**Exercise prompt**
Nothing outside the lines below from the one containing "Daily mate|萬用鉛筆包(酒紅)" through the one containing "Seamless Pattern Knitting" is to be printed; print those exactly, ends included, and drop the pictures.

**Information supplied**
/---

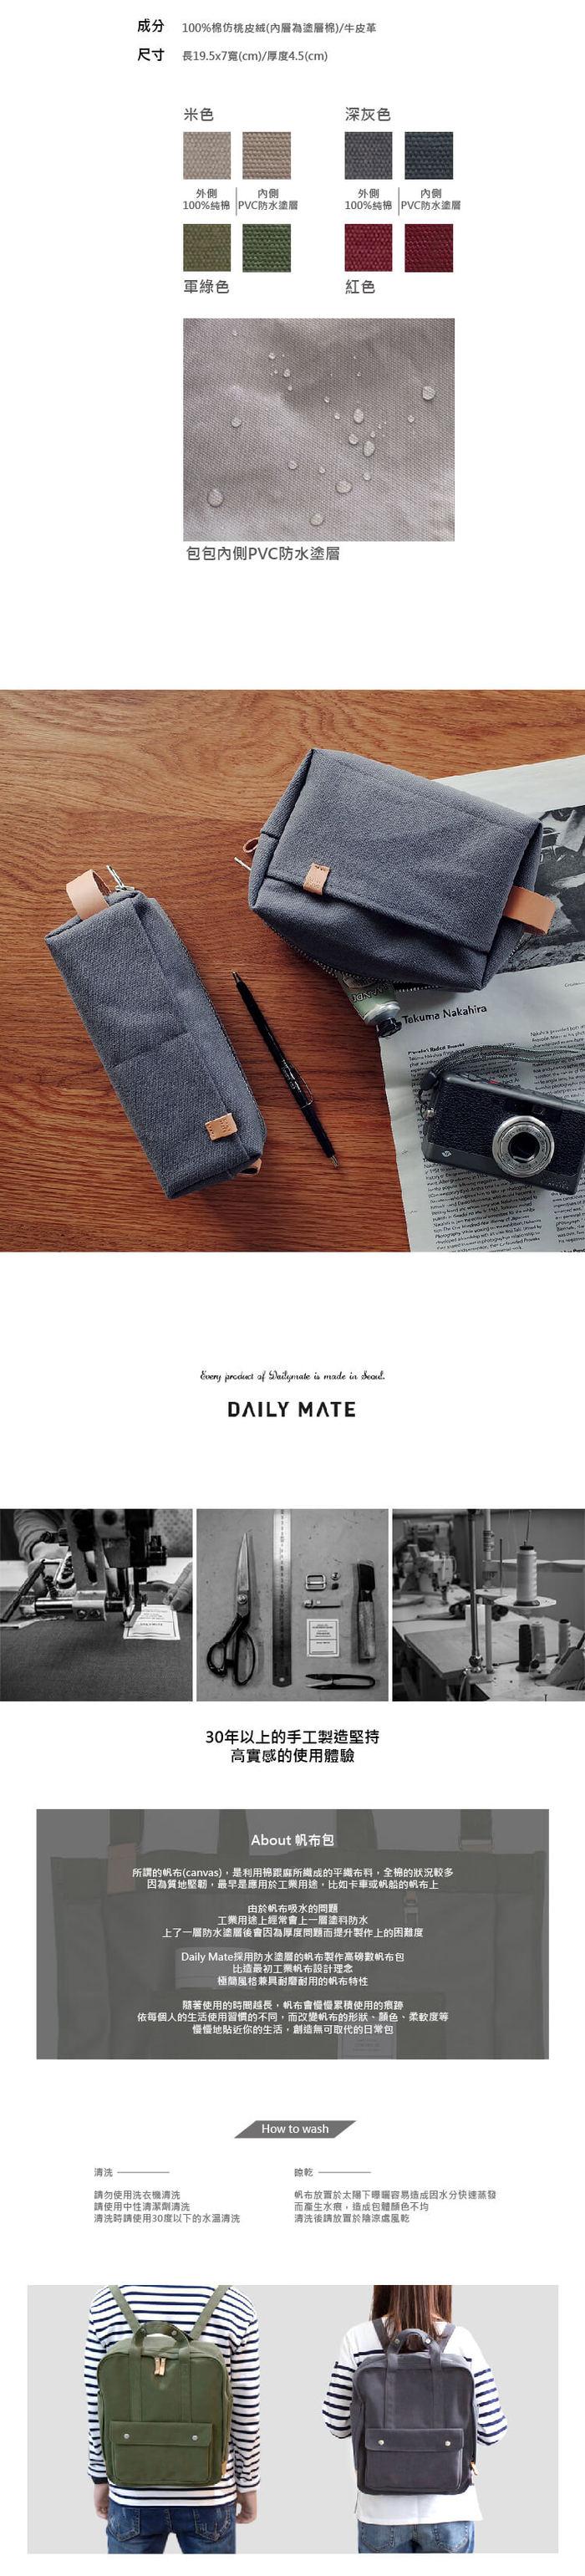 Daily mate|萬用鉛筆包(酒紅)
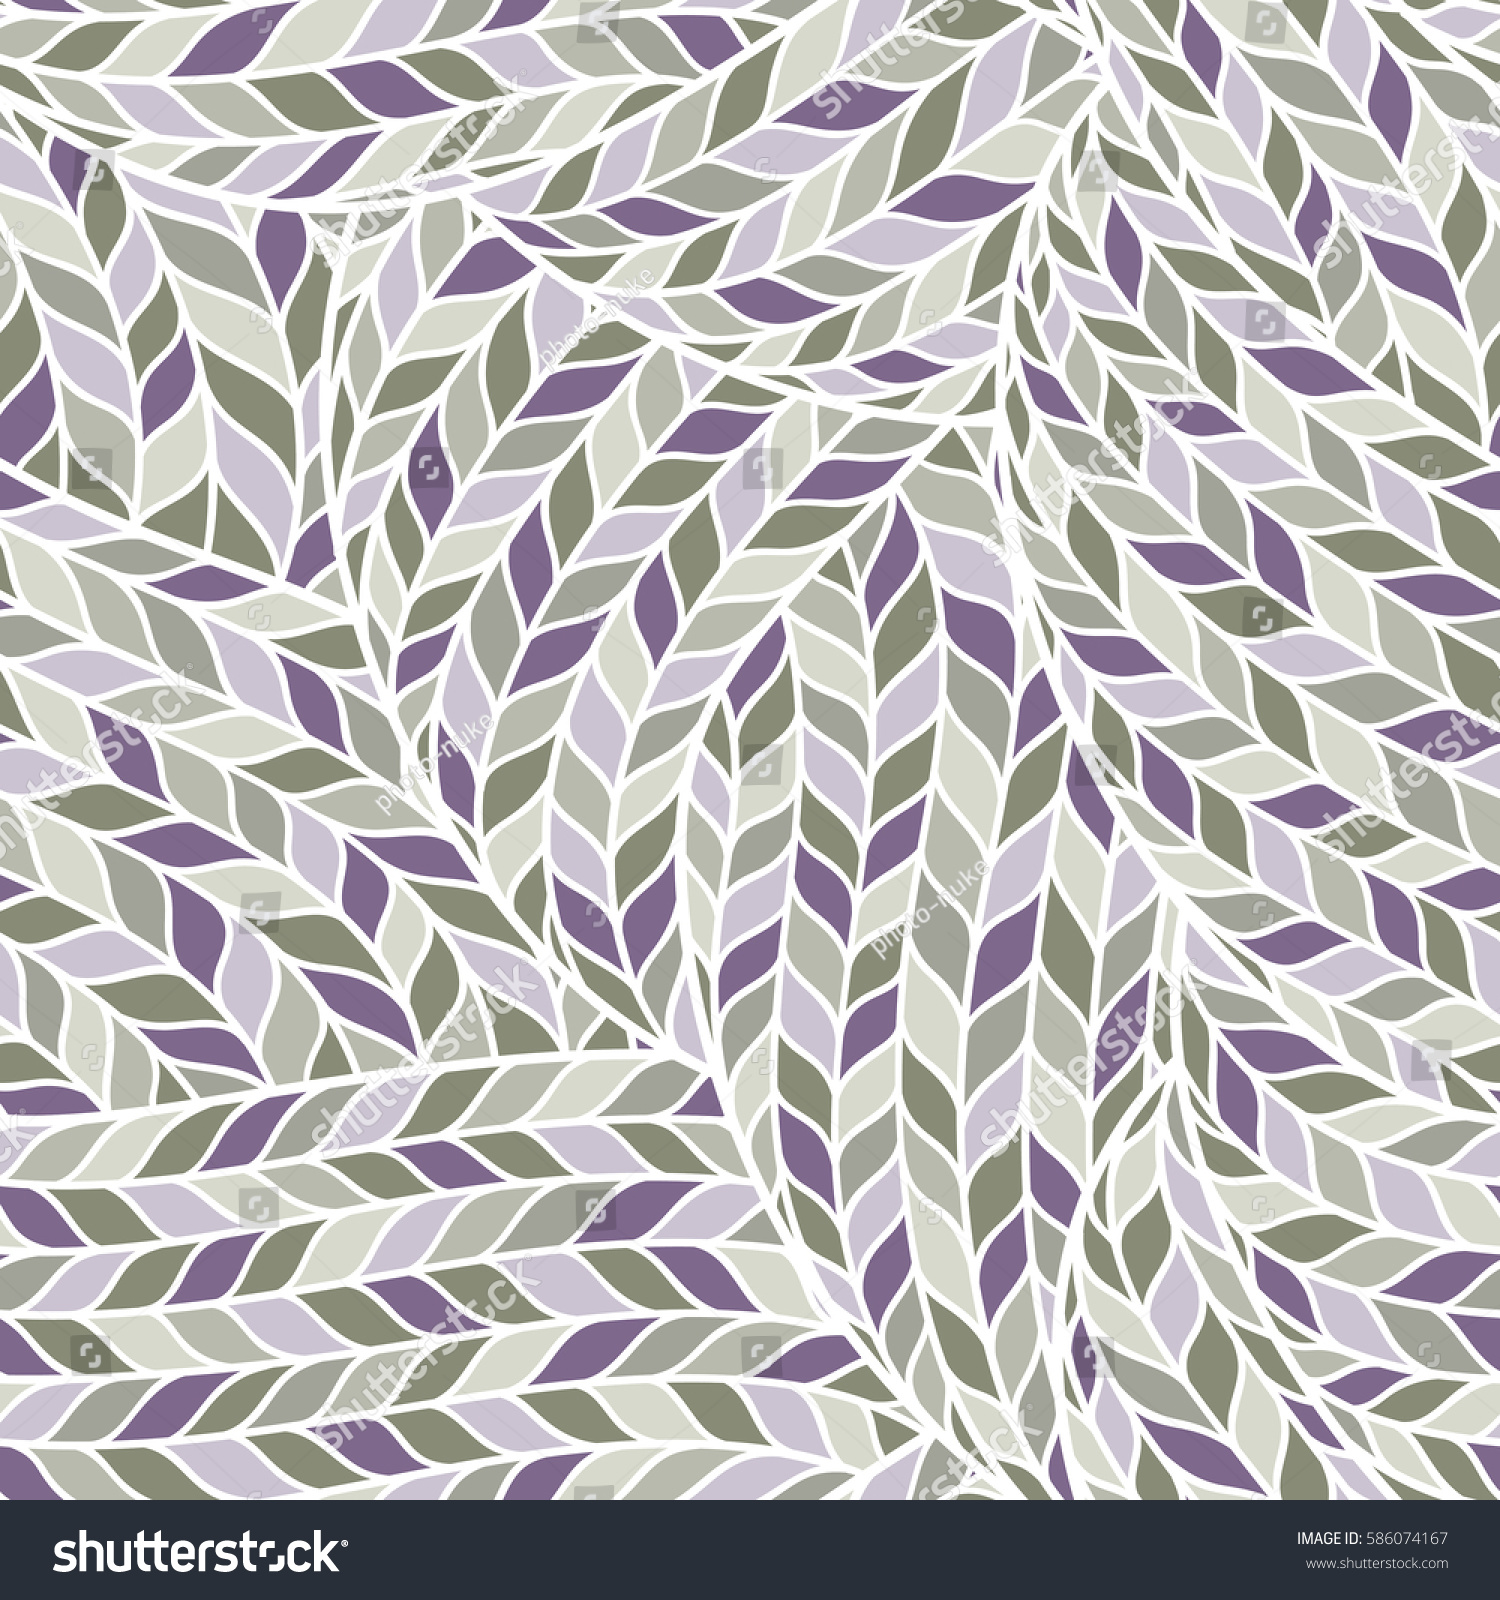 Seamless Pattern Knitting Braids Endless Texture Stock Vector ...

\---
/---

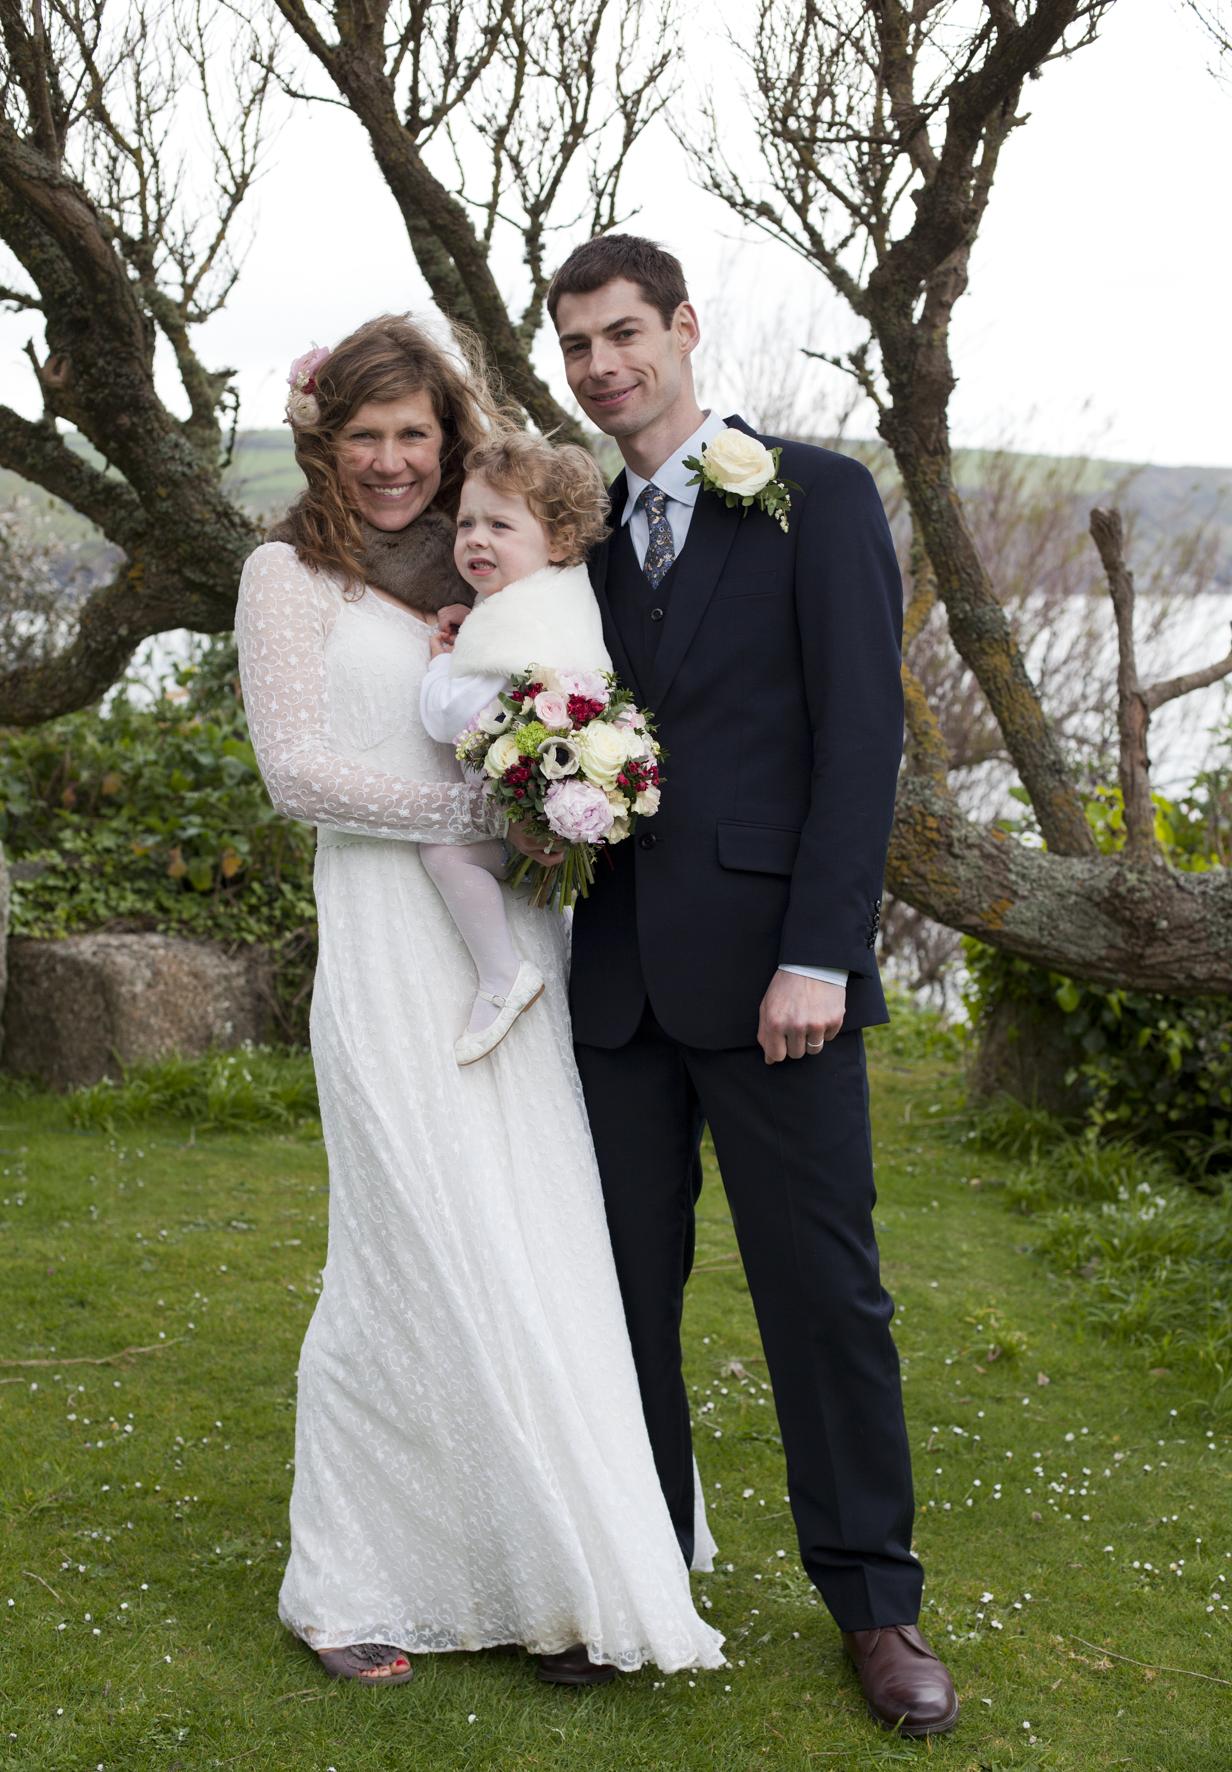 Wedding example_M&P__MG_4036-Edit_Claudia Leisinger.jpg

\---

**Worked solution**
 Daily mate|萬用鉛筆包(酒紅)
 Seamless Pattern Knitting Braids Endless Texture Stock Vector ...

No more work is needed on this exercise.